Starting 12 h before surgery, all animals were maintained on a water-only diet. All animals received antibiotic prophylaxis with a single dose of cefuroxime sodium (25 mg/kg, Zinacef; GlaxoSmithKline, Brentford, UK) intravenously administered 30 min before surgery, and Lactated Ringer’s solution was administered intravenously at a rate of 10 ml/kg/h. All surgical procedures were performed by the same surgeon (MK). Animals were preanesthetized with ketamine (35 mg/kg, Imalgene 1000; Merial, Lyon, France) and xylazine (5 mg/kg, Rompun; Bayer Animal Health, Leverkusen, Germany) via intramuscular administration. After tracheal intubation, they were connected to a veterinary ventilator (MDS Matrix Model 2000; Hallowell EMC, Pittsfield, MA) and general anesthesia was maintained by sevoflurane (3% Sevorane; Abbott, UK). Following anesthesia, each animal was placed in a dorsal recumbent position. A surgical scrub of the proposed surgical site was performed using povidone iodine scrub and alcohol. A 2-cm vertical midline incision of the right ventral femoral area was performed after injection of 2-3 ml of 2% lidocaine (Xylocaine, Astra Zeneca). The right femoral artery was identified, dissected, and temporarily legated at its distal end. A cutdown was performed to place a 5-Fr introducer sheath (Avanti+, Cordis Europa, NL) proximally under radiological control (C arm, BV Libra, Philips Medical Systems, Da Best, The Netherlands). A diagnostic angiogram of the abdominal aorta was performed through the sheath.

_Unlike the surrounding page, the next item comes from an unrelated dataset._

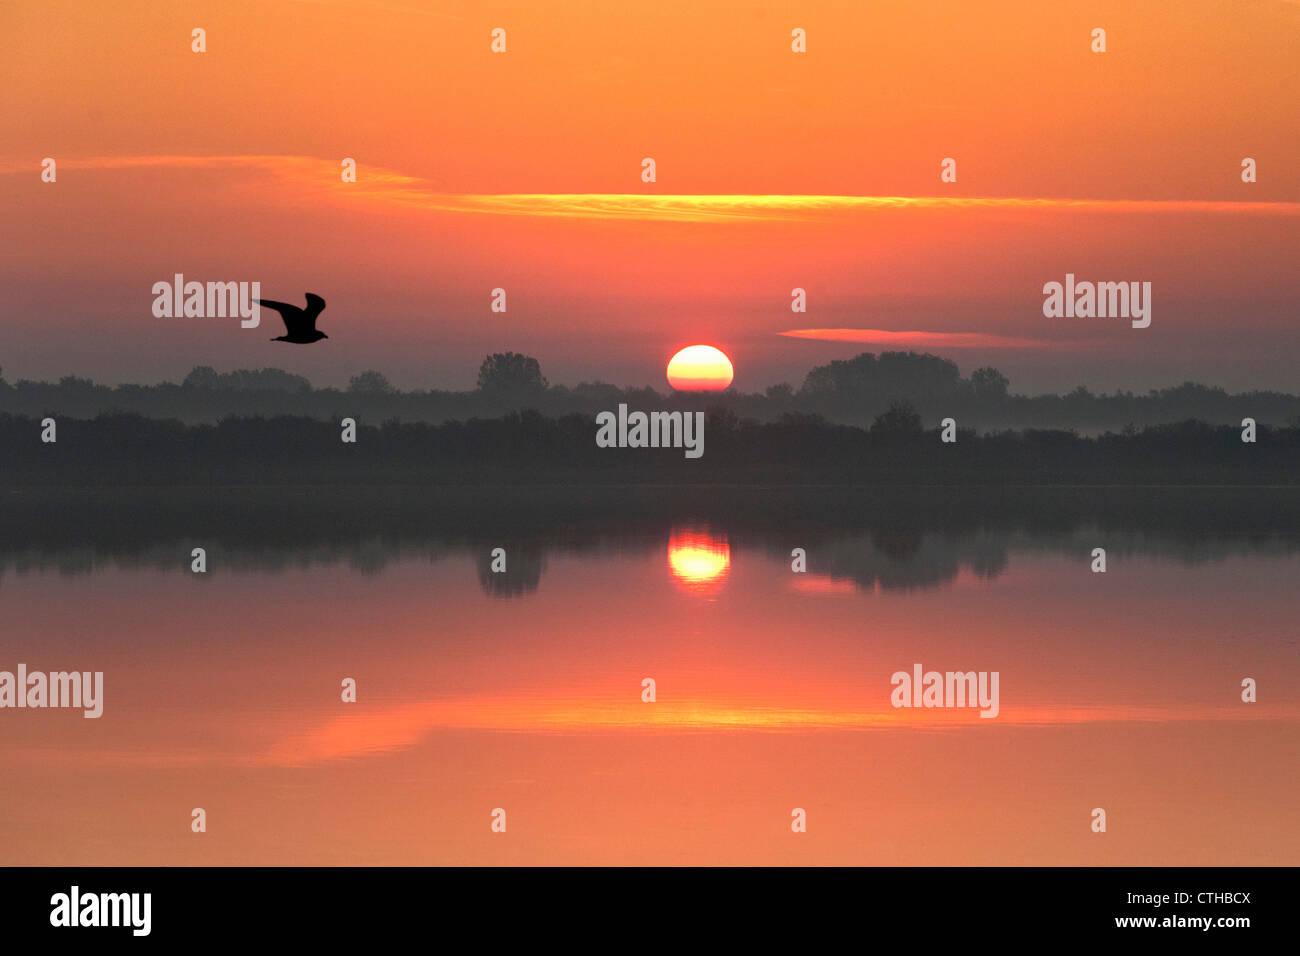 The Netherlands, Zierikzee, Sunrise. - Stock Image

CE-IVUS was performed for every plaque that we identified. Plaques under evaluation were marked by clips inserted externally by the surgeon on the aortic wall under fluoroscopic and IVUS guidance. Finally the aortic trunk containing all studied plaques was completely excised. Overall, 11 aortic segments were obtained. Paraffin wax (impregnation) and histological assessment was performed.
Contrast-enhanced intravascular ultrasound
Instrumentation for intravascular imaging instrumentation was performed in deep protocol anesthesia. For each animal, IVUS imaging was performed (Invision; Volcano Therapeutics, Rancho Cordova, CA) by an intracoronary phased array catheter (Avanar®, F/X) for detecting atherosclerotic aortic lesions. The acoustic output parameters of this catheter were the following: central frequency (f)=20 MHz, derated peak negative pressure (DPNP) at a location of the maximum derated pulse intensity integral=0.07 MPa and mechanical index=0.035. Mechanical index was defined as MI=DPNP/(f1/2) (20). CE-IVUS was performed in three phases for each animal: (i) typical grayscale IVUS imaging along the aorta was performed by manual pullback of the IVUS catheter for detecting the atherosclerotic lesions before they were excised for histological analysis. (ii) After the localization of the target aortic segment, the IVUS catheter was stabilized and a first baseline IVUS loop was continuously recorded for 15–20 s (before the injection of contrast media). (iii) After the baseline recording, a solution of microbubbles was injected through the guiding catheter and CE-IVUS imaging at the same location was continued for at least 60 s. The Sonovue® solution (Bracco Altana Pharma, Germany) was used (0.06 ml/kg) for contrast enhancement. Sonovue® is a contrast agent for ultrasonography, which is an aqueous suspension of stabilized SF6 microbubbles (phospholipid-stabilized microbubbles of sulfur hexafluoride). The size of these microbubbles was 1-10 µm and their number is approximately 2-5×108 per ml.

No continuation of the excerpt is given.